One of the most difficult aspects of writing fiction is trying to outdo the true stories of real life. As a fiction writer, I struggle, for example, to make sense of a newspaper with a decades-long open bias against unions solemnly telling a union how to conduct its own business, as The Times did in the editorial “Just deal with it.” I struggle as well with what to make of the charge of unfair labor practices filed by the Alliance of Motion Picture and Television Producers, a group not yet known for its efforts to protect workers rights.
If I pitched either story to a studio, I’d be told “Bernard, that would never happen.”

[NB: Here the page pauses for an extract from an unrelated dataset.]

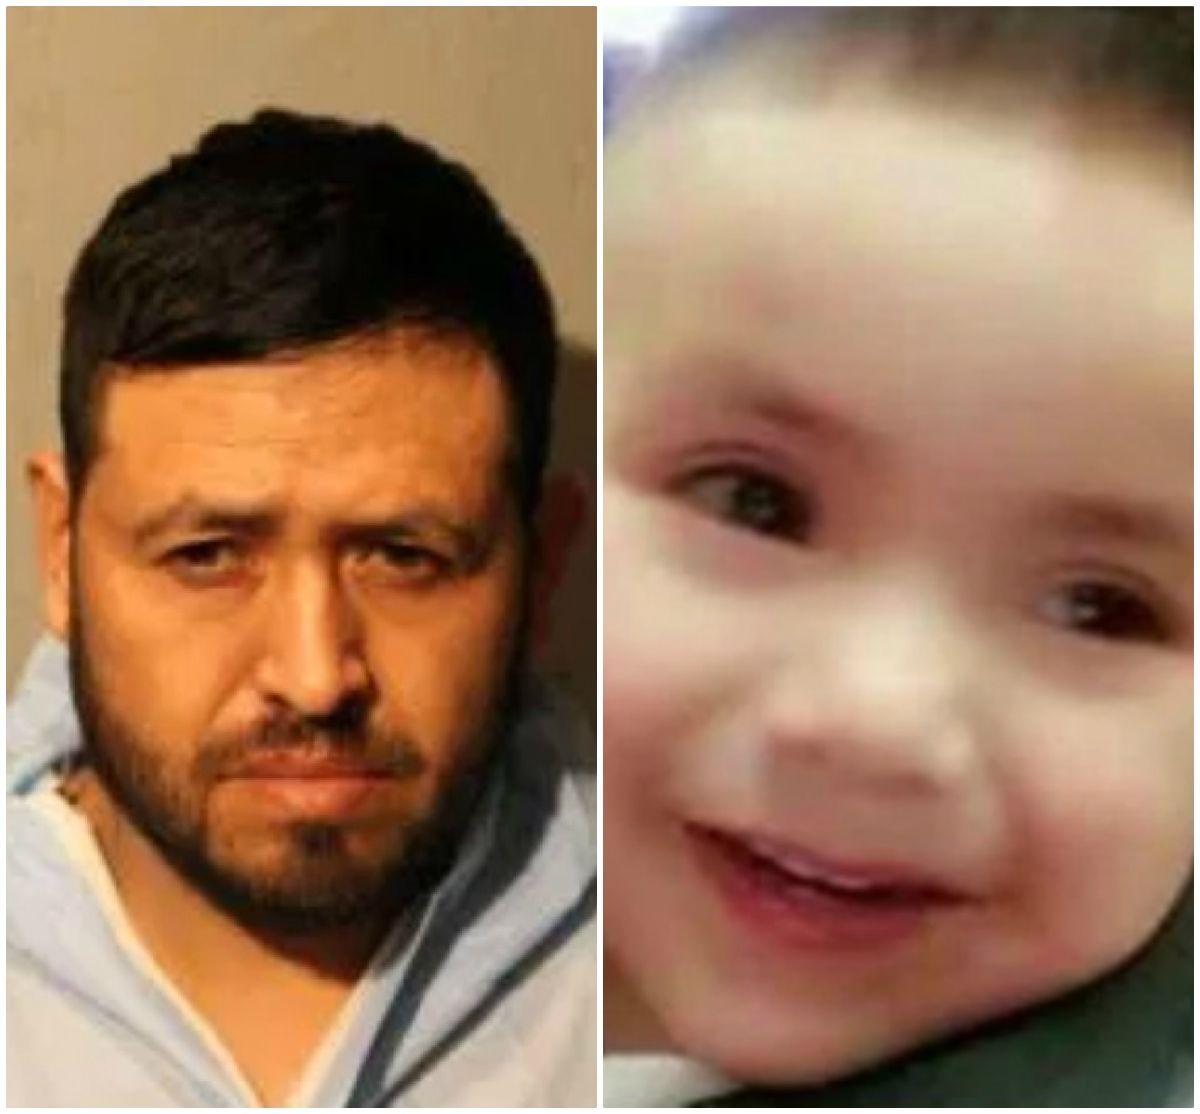 Padre le corta la garganta a su hijo de dos años porque no lo dejaba dormir
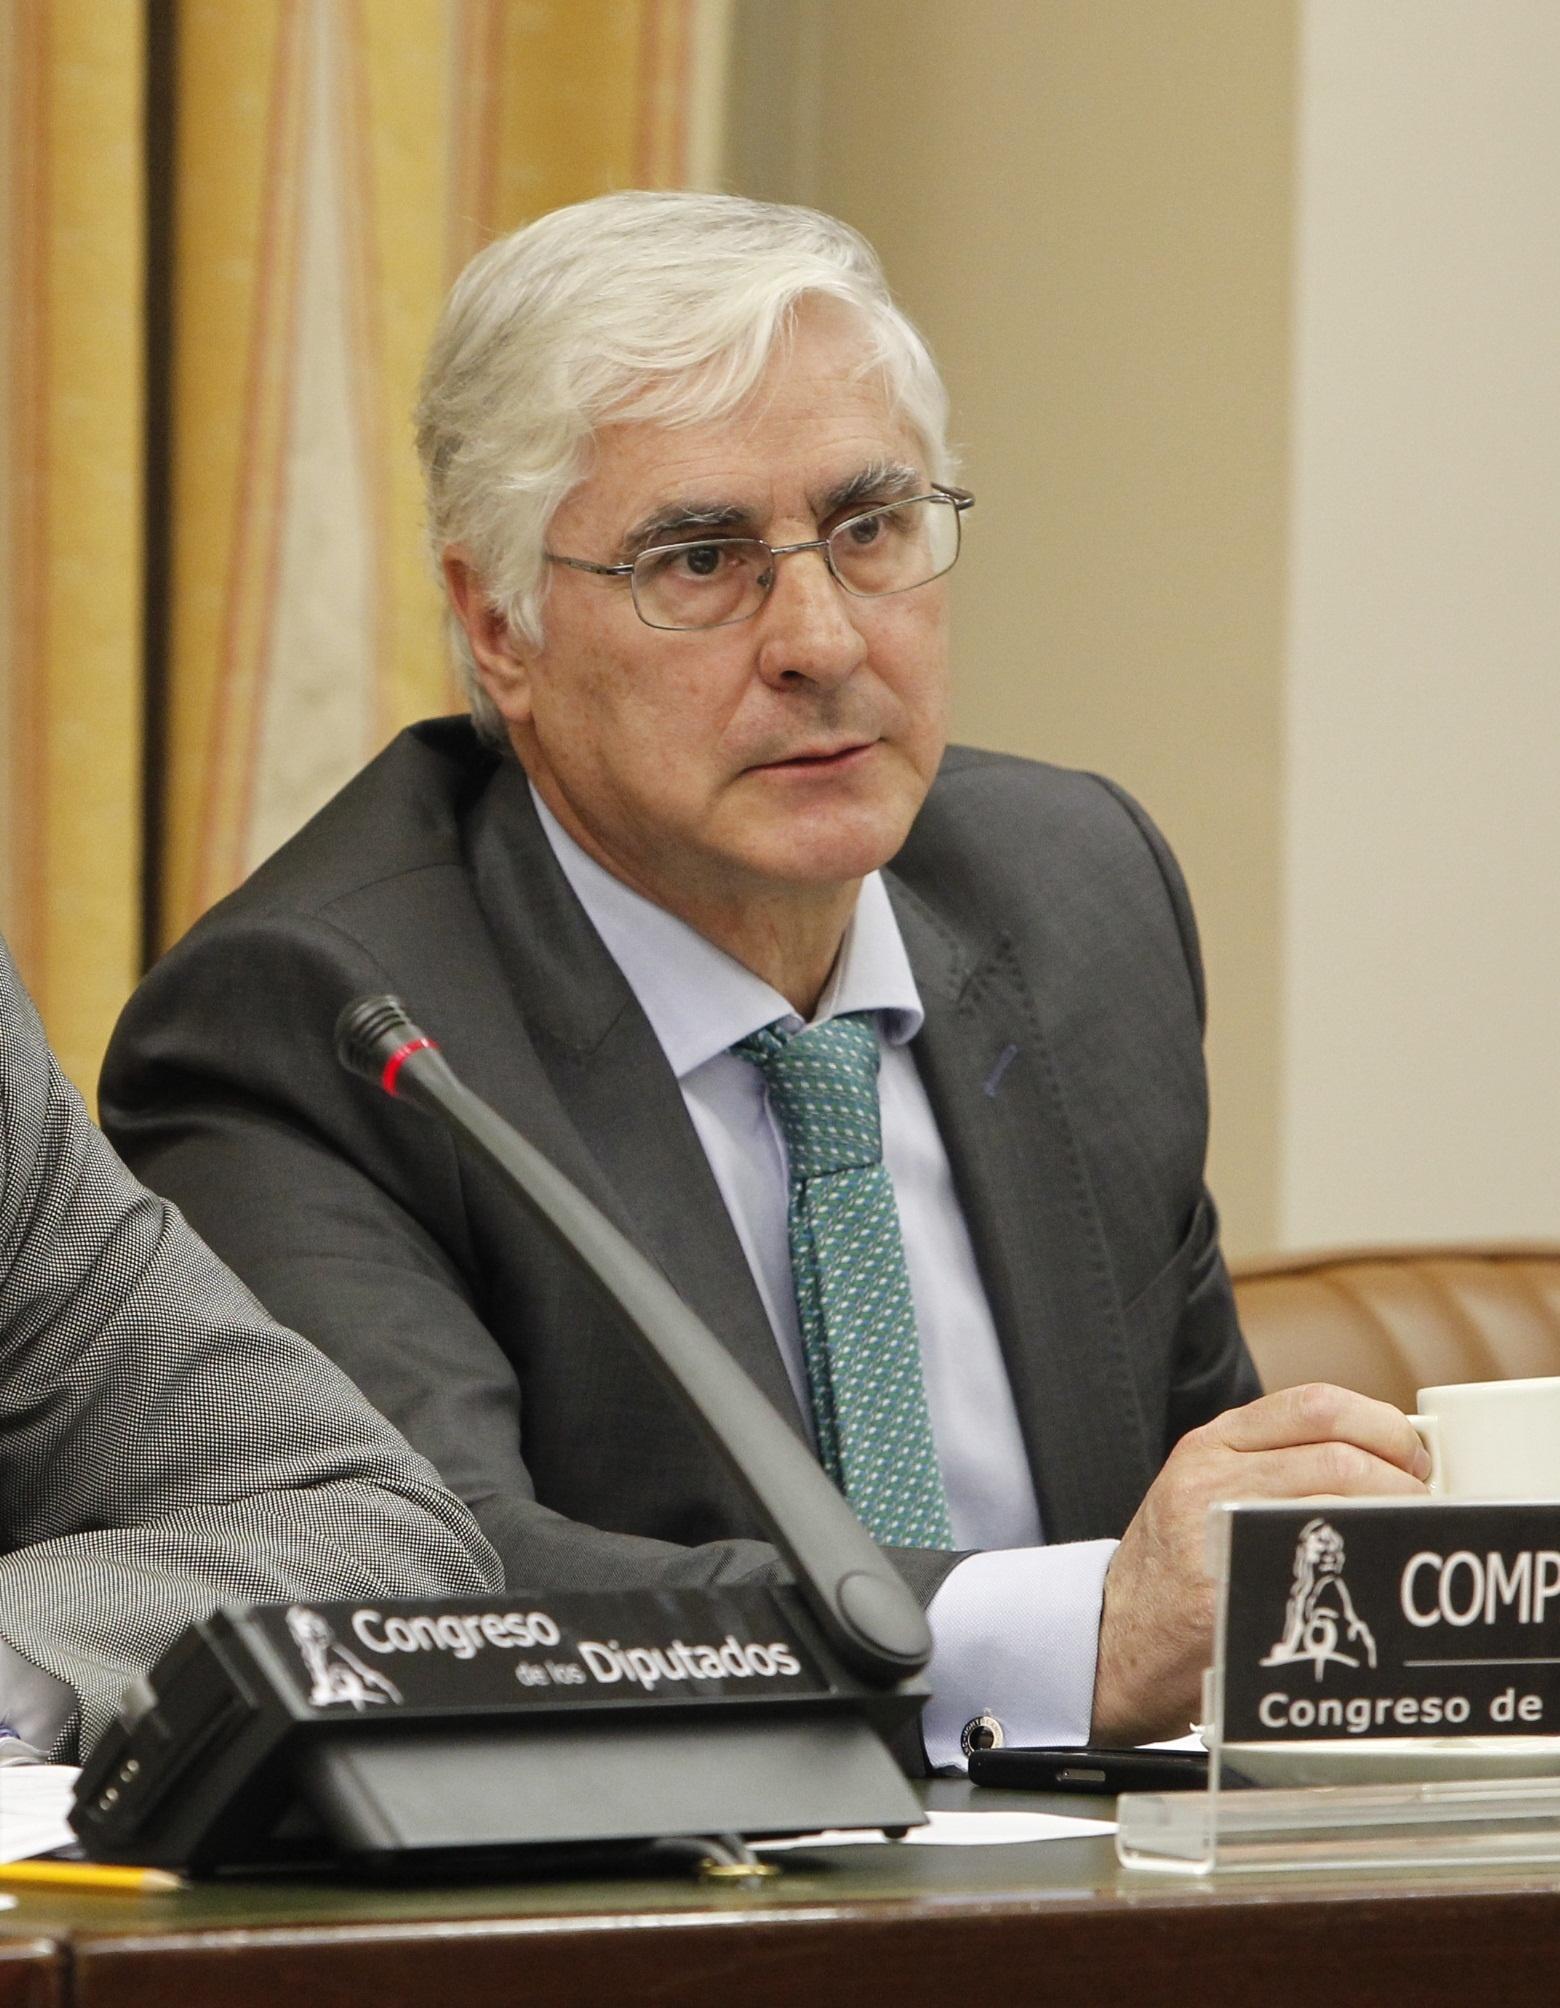 Diputados del Congreso lamentan el cierre de la televisión griega y defienden el servicio público

Yet the AMPTP, newly vigilant in its concern for employee-management comity, announced its unfair labor practices suit against my union, the Writers Guild of America, for highlighting the anti-union activities of former members. And The Times chided my union’s elected officials for suggesting that union members consider the merit of keeping “at arm’s length” those who left the union to take over the jobs of striking writers.
What the AMPTP might have missed in its rush to complain is that writers who chose to leave the guild during our recent strike highlighted their own actions. They went public months before the guild issued the letter to which The Times objects. They openly took the jobs, salaries and benefits of striking writers. With an eye to union-earned residuals, they even took screen credit for what they did. They published their own names on screen during the strike.
Times editorial writers -- apparently finding no irony in the fact that they make judgments in every editorial -- suggest that we union members cannot judge the motives of those who traded union membership for “financial core” status. “We don’t know,” The Times writes, “what led those writers ... to drop out of the strike.” Nonsense. We know that they wanted the jobs of striking writers, and they took them.
Perhaps WGA writers are more comfortable than editorial writers in making judgments about our fellows. We’ve supervised them, and they us; we’ve read their writing, and they ours. Because the production process produces intimacy in writers’ relationships, we know their hopes, dreams and aspirations. We know their loves, families, hobbies and quirks. We know whether they prefer Mexican or Thai food, scotch or gin, Chaplin or Keaton, Gervais or Carell. We know they have access to union loans, and we know what they earn because the biggest open secret in the entertainment industry is one’s salary. With that knowledge, we may confidently question the motives that The Times bids us not to judge.
Implying that we ought not judge motives ignores our obligation to judge the switch to fi-core status and the effect it has on the community of writers. If, by their actions, writers hurt the shows they’re working on, we’re professionally obligated to make judgments to protect the show. If some actions hurt writers, we must make judgments to protect the greater community against the consequences.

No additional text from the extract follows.